菅原教夫著『現代アートとは何か』
菅原教夫著『現代アートとは何か』(丸善ライブラリー)を読んだ。
この手の本としては、服部正著の『アウトサイダー・アート』(光文社新書刊)を読んで以来だろうか。
(「アウトサイダー・アートのその先に(付:続編)」参照のこと。)
但し、『アウトサイダー・アート』のほうは、比較的新しい本だが、『現代…』のほうは、95年の刊行である(執筆は93年か)。たまたま貰ったので読めたのだ。ネット検索しても在庫切れになっているから、入手は難しいのかもしれない。

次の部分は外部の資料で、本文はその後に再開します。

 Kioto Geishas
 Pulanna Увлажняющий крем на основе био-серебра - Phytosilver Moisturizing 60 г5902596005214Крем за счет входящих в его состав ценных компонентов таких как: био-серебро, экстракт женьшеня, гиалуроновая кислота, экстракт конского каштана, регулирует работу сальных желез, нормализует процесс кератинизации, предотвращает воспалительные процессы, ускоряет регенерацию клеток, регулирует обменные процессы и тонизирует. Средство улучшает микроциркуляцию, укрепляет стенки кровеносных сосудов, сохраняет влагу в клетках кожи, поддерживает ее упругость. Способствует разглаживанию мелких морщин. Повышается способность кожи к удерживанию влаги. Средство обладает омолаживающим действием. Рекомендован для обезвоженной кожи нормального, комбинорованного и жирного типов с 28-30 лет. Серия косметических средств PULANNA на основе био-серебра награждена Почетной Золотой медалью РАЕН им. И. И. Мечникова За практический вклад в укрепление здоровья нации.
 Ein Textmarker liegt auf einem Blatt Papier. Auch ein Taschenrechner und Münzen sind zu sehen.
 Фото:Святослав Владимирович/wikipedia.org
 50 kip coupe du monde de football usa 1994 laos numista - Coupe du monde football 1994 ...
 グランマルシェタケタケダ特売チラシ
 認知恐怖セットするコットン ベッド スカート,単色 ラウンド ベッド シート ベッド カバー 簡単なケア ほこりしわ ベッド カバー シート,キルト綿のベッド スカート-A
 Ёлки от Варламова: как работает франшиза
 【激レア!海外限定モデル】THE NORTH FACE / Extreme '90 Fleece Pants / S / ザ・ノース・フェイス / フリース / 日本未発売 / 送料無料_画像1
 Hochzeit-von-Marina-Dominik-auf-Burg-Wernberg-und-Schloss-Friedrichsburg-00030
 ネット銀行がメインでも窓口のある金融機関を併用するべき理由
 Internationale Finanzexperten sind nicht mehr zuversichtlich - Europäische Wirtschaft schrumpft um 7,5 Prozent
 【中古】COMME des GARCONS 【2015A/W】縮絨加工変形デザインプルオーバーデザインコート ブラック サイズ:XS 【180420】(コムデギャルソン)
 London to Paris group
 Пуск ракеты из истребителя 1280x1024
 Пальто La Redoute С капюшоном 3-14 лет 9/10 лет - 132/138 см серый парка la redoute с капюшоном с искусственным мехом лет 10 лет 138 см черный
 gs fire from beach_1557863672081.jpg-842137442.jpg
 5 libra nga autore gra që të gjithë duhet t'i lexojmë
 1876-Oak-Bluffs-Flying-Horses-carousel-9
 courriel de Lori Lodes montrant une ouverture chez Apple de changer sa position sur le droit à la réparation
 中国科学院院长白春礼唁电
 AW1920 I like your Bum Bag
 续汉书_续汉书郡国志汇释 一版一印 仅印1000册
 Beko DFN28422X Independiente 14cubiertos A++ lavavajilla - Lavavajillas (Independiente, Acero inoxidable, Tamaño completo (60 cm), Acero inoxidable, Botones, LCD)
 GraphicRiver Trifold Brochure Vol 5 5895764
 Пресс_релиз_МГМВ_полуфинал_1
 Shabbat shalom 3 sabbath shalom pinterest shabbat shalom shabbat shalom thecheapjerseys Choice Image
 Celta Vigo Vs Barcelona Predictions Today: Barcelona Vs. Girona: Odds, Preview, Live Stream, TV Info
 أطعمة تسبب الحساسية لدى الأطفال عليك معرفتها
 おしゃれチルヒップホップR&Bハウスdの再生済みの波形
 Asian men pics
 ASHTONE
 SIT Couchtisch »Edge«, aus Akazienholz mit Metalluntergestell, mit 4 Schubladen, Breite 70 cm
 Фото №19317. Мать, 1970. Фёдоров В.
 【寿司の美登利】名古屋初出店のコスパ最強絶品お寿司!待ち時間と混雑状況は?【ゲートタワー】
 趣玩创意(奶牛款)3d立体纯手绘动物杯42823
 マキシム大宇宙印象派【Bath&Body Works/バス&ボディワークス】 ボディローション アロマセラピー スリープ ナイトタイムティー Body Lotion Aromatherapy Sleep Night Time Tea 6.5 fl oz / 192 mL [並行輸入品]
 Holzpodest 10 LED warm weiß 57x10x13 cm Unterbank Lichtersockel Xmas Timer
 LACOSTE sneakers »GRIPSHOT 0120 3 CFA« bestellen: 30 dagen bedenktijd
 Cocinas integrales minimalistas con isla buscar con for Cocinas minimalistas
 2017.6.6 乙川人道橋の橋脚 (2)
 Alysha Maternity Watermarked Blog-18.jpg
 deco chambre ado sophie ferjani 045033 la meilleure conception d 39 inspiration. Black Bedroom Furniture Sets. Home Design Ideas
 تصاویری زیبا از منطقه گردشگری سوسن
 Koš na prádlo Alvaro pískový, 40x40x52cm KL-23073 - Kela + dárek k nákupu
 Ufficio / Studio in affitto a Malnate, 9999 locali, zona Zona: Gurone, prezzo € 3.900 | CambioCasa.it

以下、本書からは離れて行く懸念があるので、最初に、本書の謳い文句を掲げておきたい:
「現代アートとはどういうものか。本書はこの問題にさまざまな角度からアプローチを試みる。最近の有力な制作のスタイルとなっているインスタレーションの分析、戦後を代表するアメリカの批評家グリーンバーグの評論を軸に据えた絵画論、海外における最新の研究成果をもとに描き出したアートと現代思想とのスリリングな関係。ジャーナリストとしての取材体験を文献資料で裏付けた内容は、クリアな語り口のうちに、現代美術に対する一段と深い理解をもたらす。」
95年というと、小生が現在の職に就いた年度である。小生が、美術館巡りに週末は明け暮れたのは94年までなので、ある意味、本書は、小生が展覧会へ頻りに足を運んでいた頃の美術状況を反映しているのかもしれない。ポストモダンとか、懐かしい術語も散見される。今から10年前の当時の日本では比較的目新しかったインスタレーションアートへの言及も欠けていない。
ロマン主義から神秘主義的なもの、表現主義、抽象表現主義、生の芸術(アール・ブリュット)と鑑賞して楽しめる絵画芸術の巾を広めてきた小生だが、彫刻や、ましてインスタレーション(大掛かりな舞台や装置を使っての芸術表現)には、なかなか馴染めなかった。
たまに真新しい建物の広場などに、これ見よがしというのか、奇妙な構築物が広場の脈絡に関係なく、散見されることがある。最新の芸術にも理解がありますよ、というアピールのためなのか、それとも、建築家の好みなのか、いずれにしても、小生、眺めて感服した作品は、今まで一つもない。